# Collected data
____

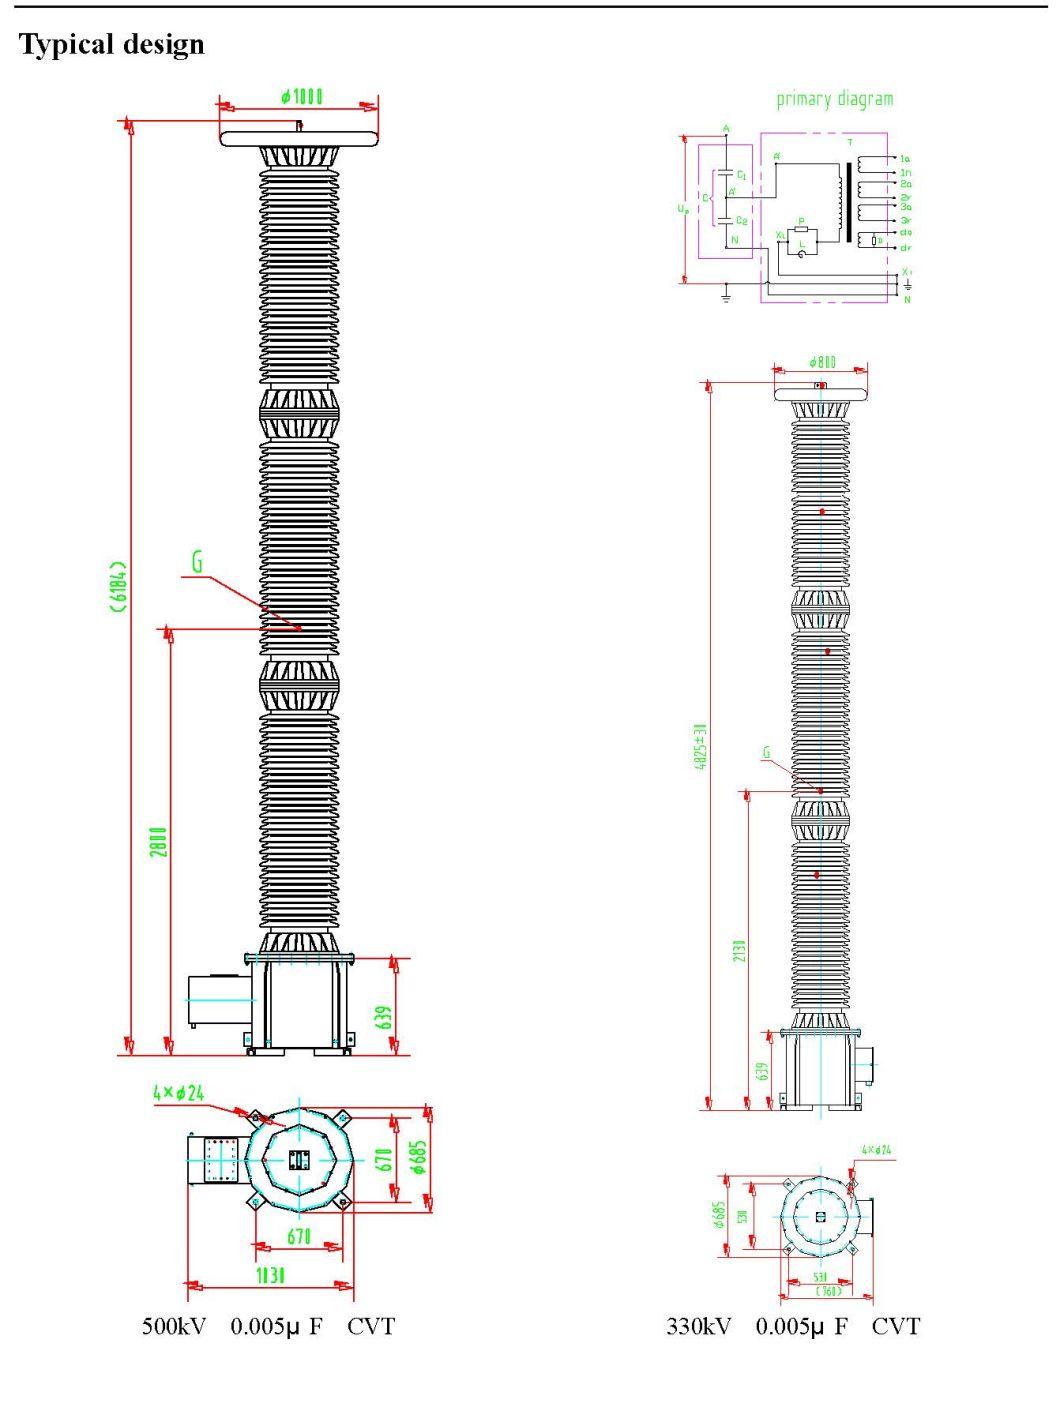 Capacitor Voltage Transformer (CVT) up to 500kv
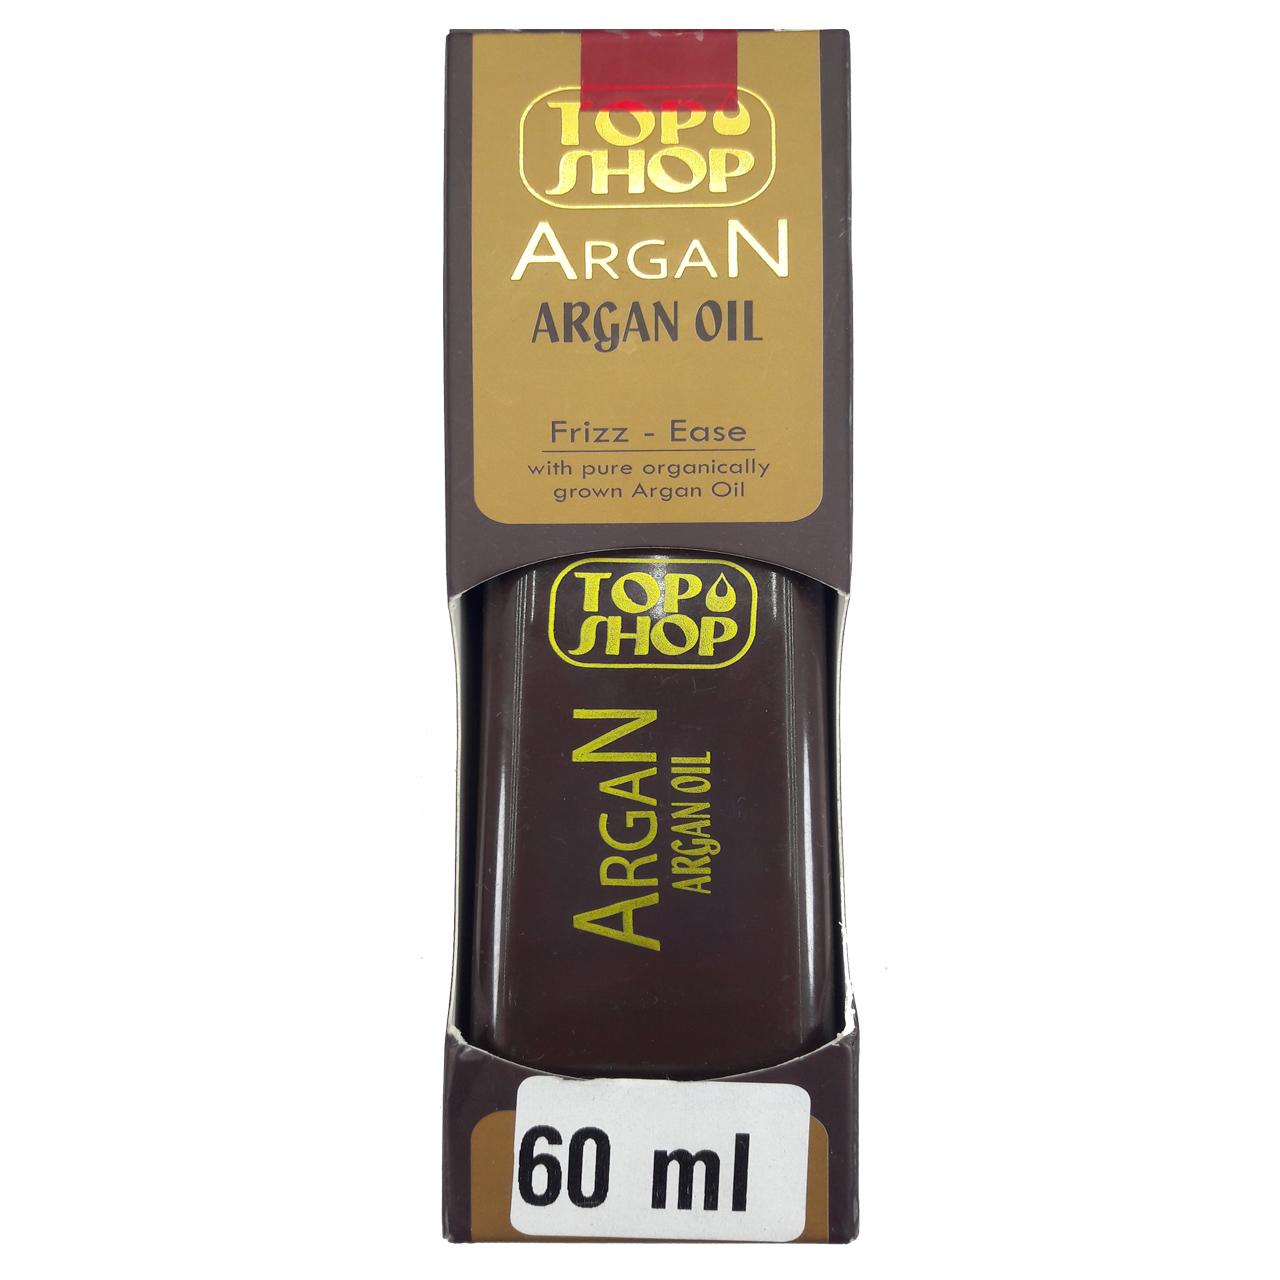 روغن آرگان خالص مدل top shop حجم 60 میلی لیتر
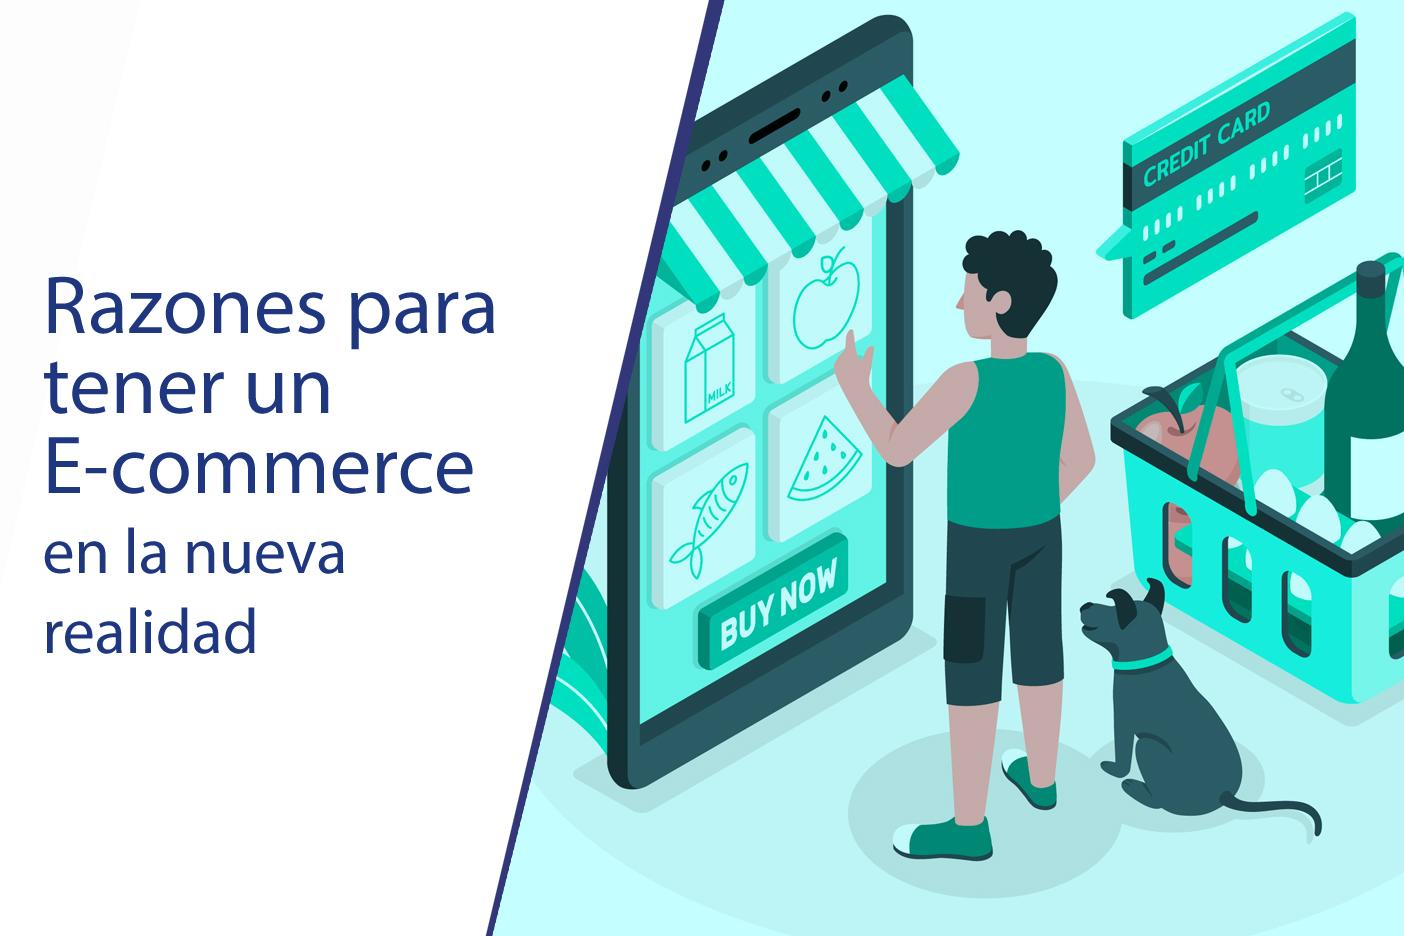 Razones para tener un E-commerce
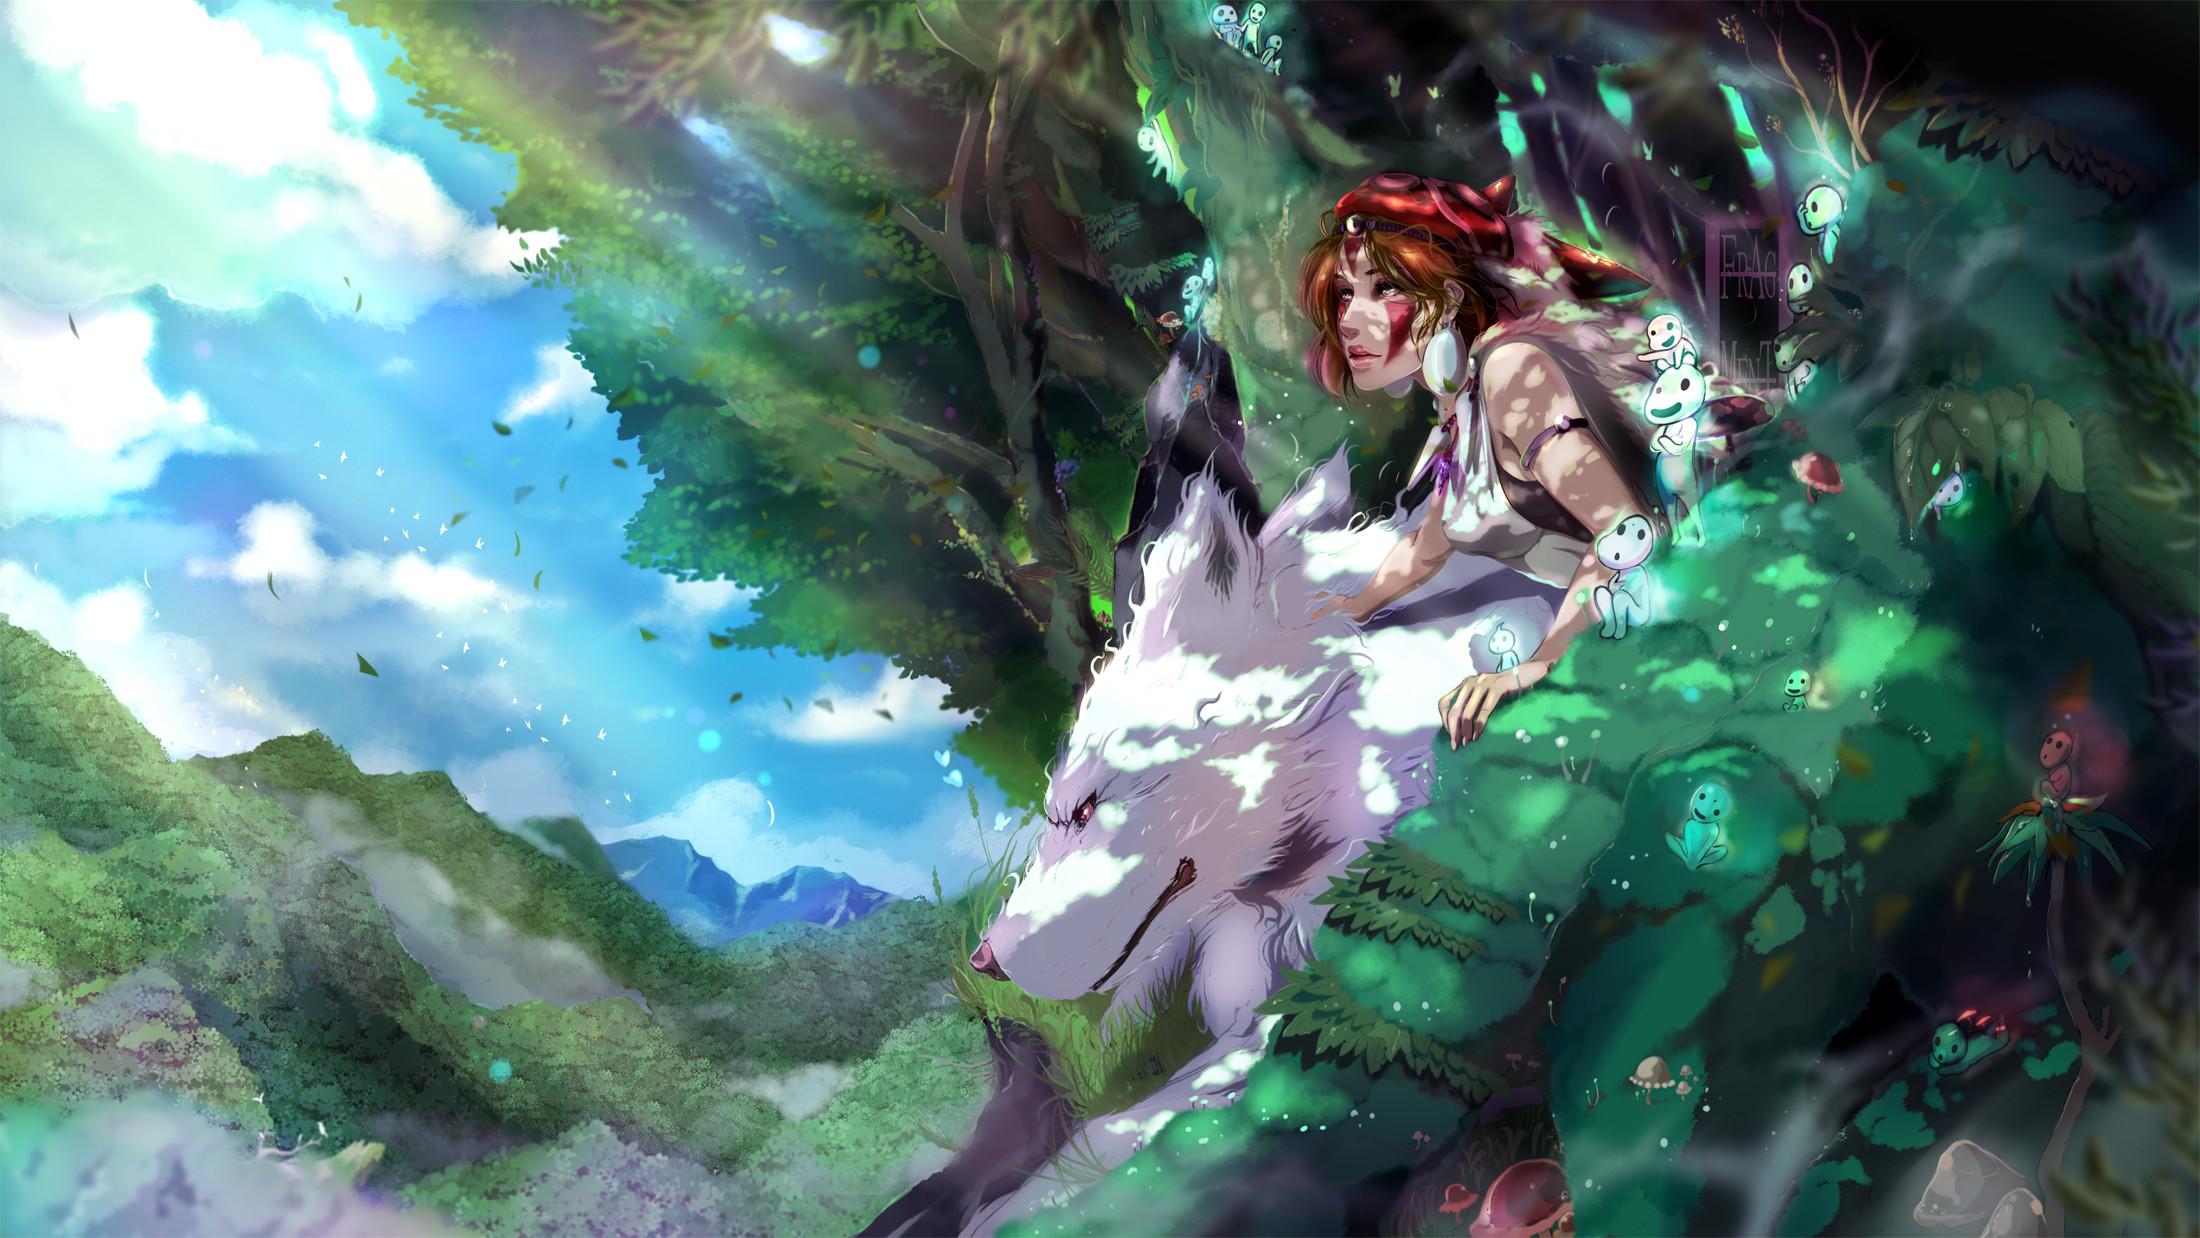 Mononoke Hime · download Mononoke Hime image

____

# Aim of the exercise
Set down all of the material word for word, minus its pictures.

# Answer
 Capacitor Voltage Transformer (CVT) up to 500kv
 روغن آرگان خالص مدل top shop حجم 60 میلی لیتر
 Razones para tener un E-commerce
 Mononoke Hime · download Mononoke Hime image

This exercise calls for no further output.